The research that more often produces historical discoveries requires sifting through files and developing a mental picture of the past. The times and personalities of the people involved slowly take shape. Finally, with enough awareness of the archive and the period it covers, a researcher has the insight to reconstruct history. Imagine doing that while paying for hotel bills and eating in restaurants in Seattle.

My work is funded by major publishers and grants, and I will rarely be able to afford the kind of work I like to do if the archives are in Seattle. Other researchers, who need more time and have less funding, will lose their opportunities completely.

The option of digitizing the records is laughable. The Archives hasn't had the budget even to create indexes for large blocks of records. There are more than 1,000 boxes of early records of the Alaska Railroad that have never been organized and are available only in a block. Digitizing all the records in the archives would cost many millions of dollars. Let's not kid ourselves that will ever happen.

In addition, many of the old paper records are only legible on close inspection. A previous generation thought putting records on microfilm would solve the problem of records storage. As a consequence, we have miles of illegible microfilm. Let's not create millions of illegible digital files and think we've solved anything.

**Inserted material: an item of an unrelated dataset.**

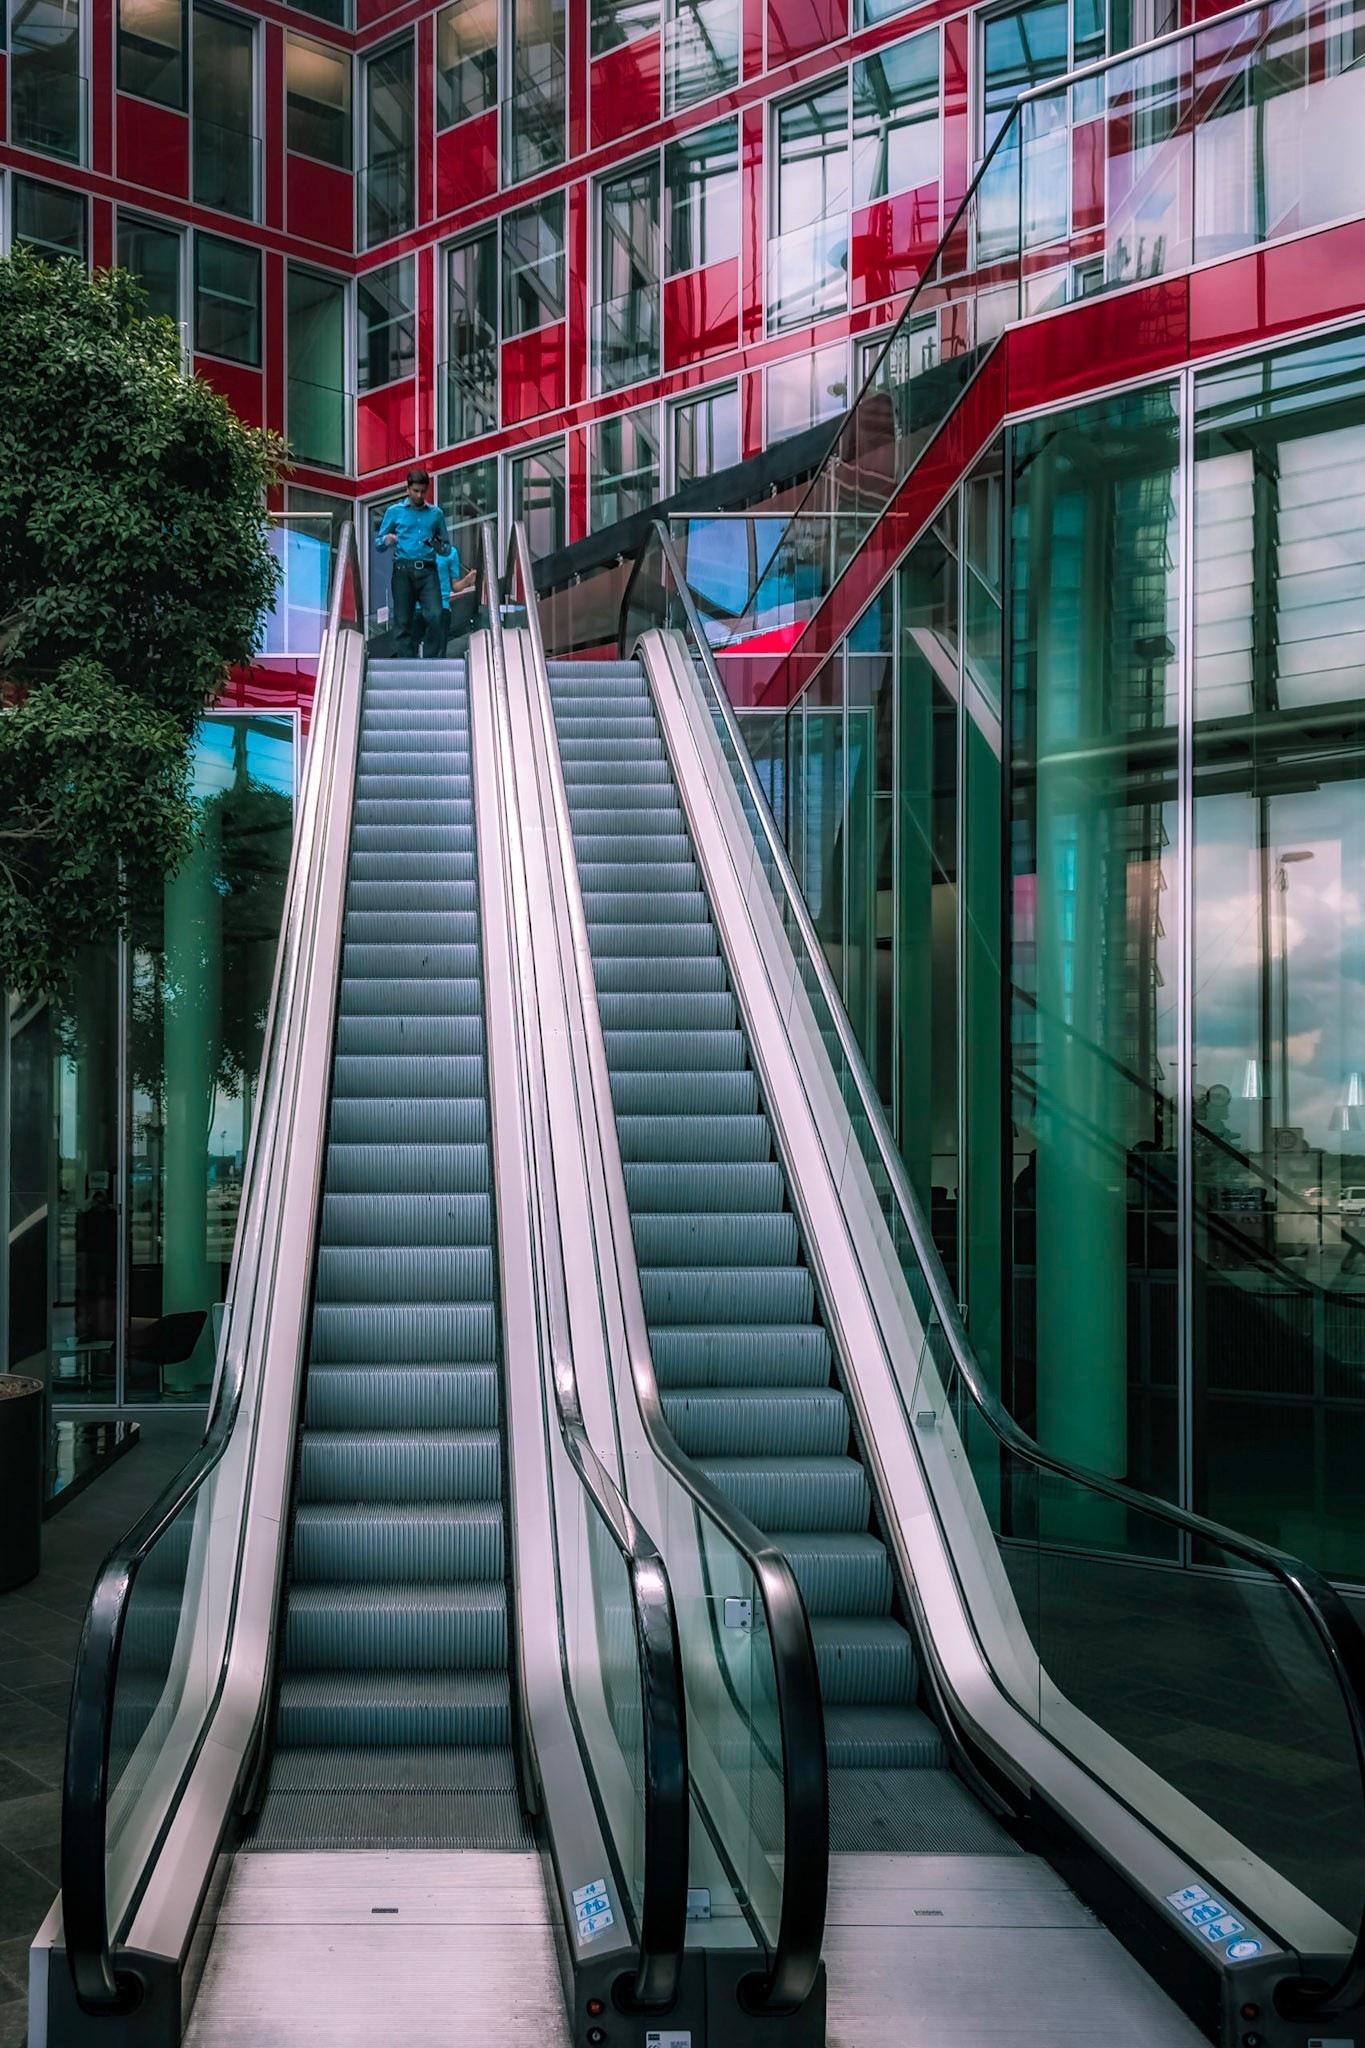 Escalator  by Rob Menting

Alaska's history is a long story of Alaskans fighting to control their own resources. Now, the resource of our history itself is threatened. By moving the records to Seattle, the National Archives will cut the heart out of Alaska's past. Our leaders need to take up the cause of their predecessors in the statehood movement, and Native claims fight, and so many other battles for Alaska's self-government, and keep our history at home.

Charles Wohlforth is an Anchorage writer, historian and former Assembly member.